By default dukascopy-node will split this list into groups (batches) of 10 items (this is controlled by the config parameter batchSize) and will start downloading these groups with the first one. After first group of 10 items is downloaded, it will wait 1000 ms (parameter pauseBetweenBatchesMs) and will proceed to the next group, and so on.

This can also be expressed as a sequence of the following steps:

1) Download URLs in group 1 (items 1-10)
2) Wait 1000 ms
3) Download URLs in group 2 (items 11-20)
4) Wait 1000 ms
5) Download URLs in group 3 (items 21-30)

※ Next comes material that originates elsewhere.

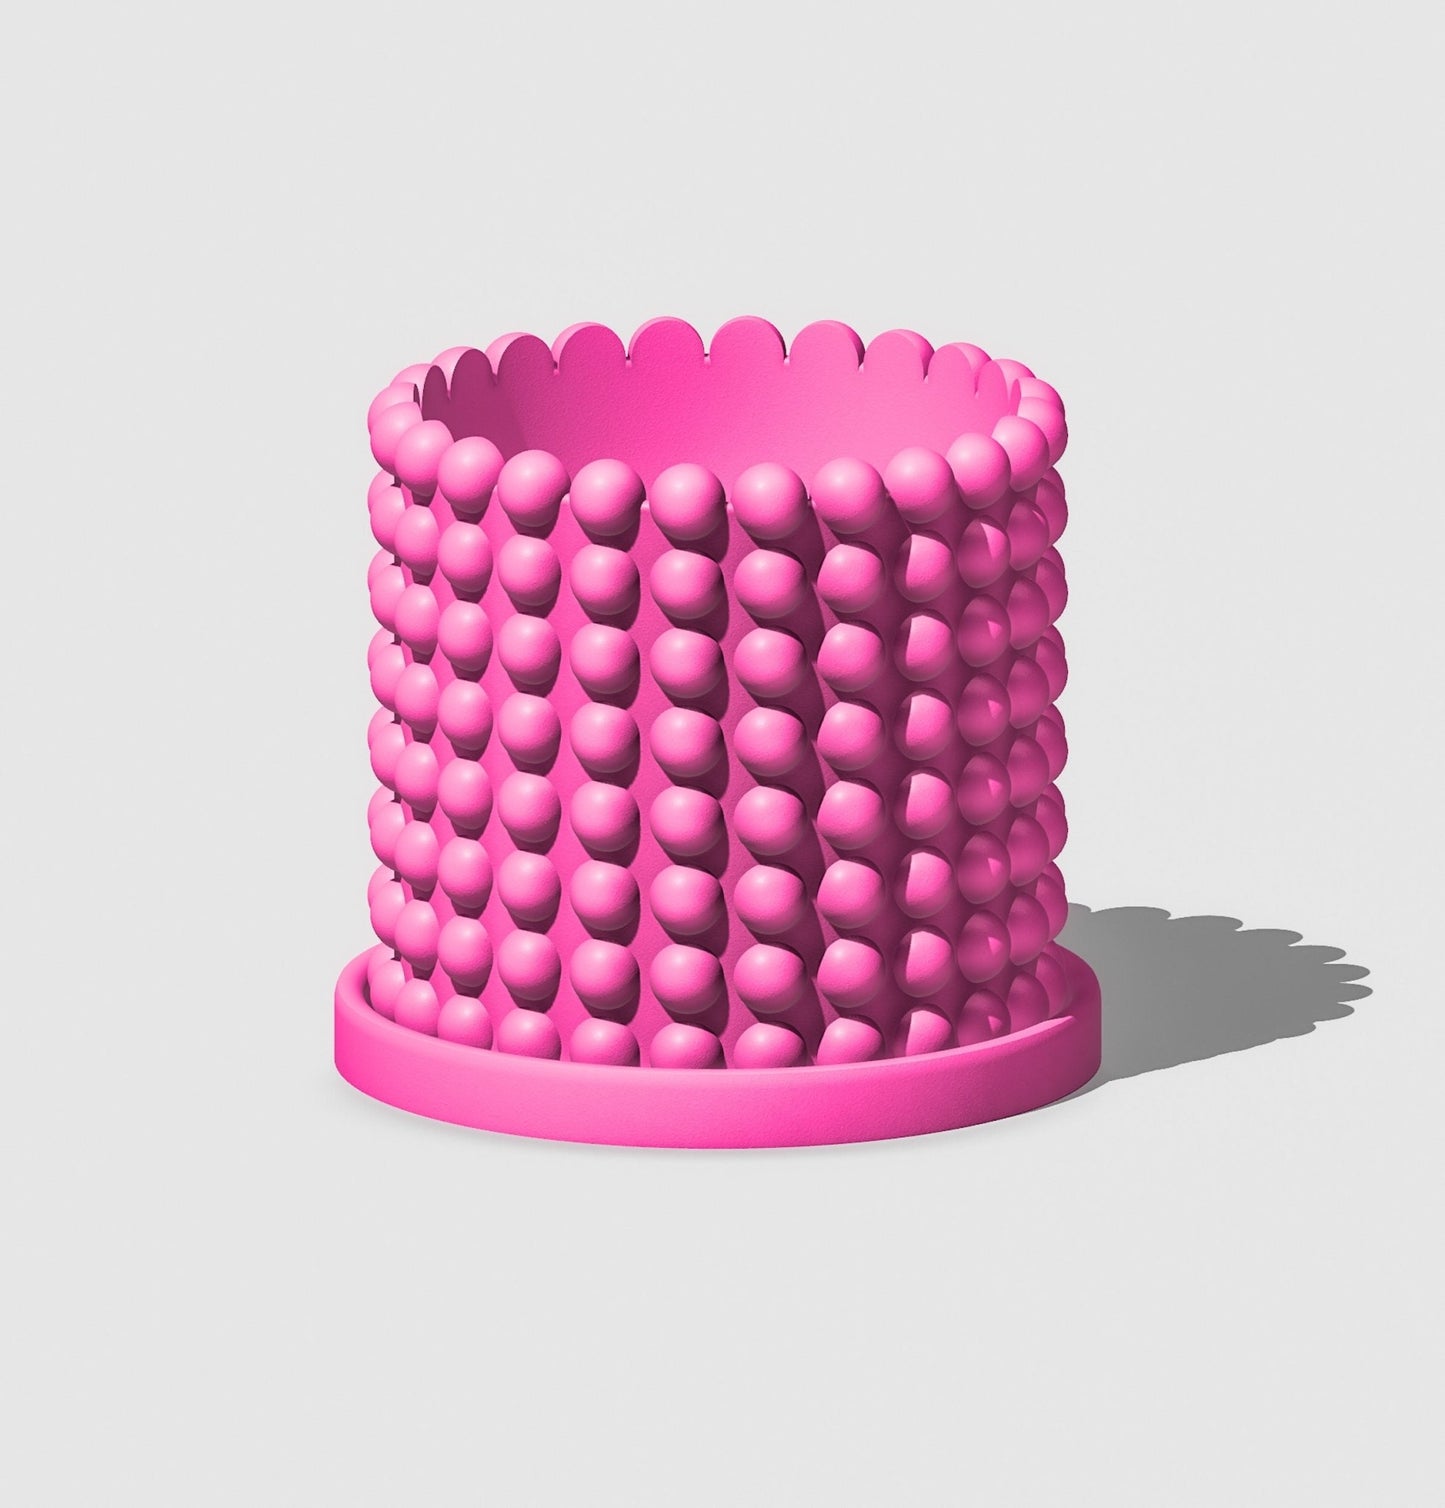 Pink Modern planter with drainage 'RING OF PEARLS DESIGN' - Rosebud HomeGoods Pink 4 Inch - No Tray MODERN HOME GOOD

If you want to change those values, to let's say batchSize: 15 and pauseBetweenBatchesMs: 2000

via CLI

npx dukascopy-node -i eurusd -from 2019-06-01 -to 2019-07-01 -t m1 -bs 15 -bp 2000

via Node

const { getHistoricalRates } = require('dukascopy-node');

(async () => {
  try {
    const data = await getHistoricalRates({
      instrument: 'eurusd',
      dates: {
        from: new Date('2019-06-01'),
        to: new Date('2019-07-01'),
      },
      timeframe: 'm1',
      batchSize: 15,
      pauseBetweenBatchesMs: 2000
    });

    console.log(data);
  } catch (error) {
    console.log('error', error);
  }
})();

you can expect the following sequence of steps

1) Download URLs in group 1 (items 1-15)
2) Wait 2000 ms
3) Download URLs in group 2 (items 15-30)

❗Keep in mind❗

If you want to download a significant volume of data (for example tick data for large periods of time: months, years, etc.), it's recommended to tweak those values: minimize batchSize and maximize pauseBetweenBatchesMs - with that you have higher chances to download the requested data.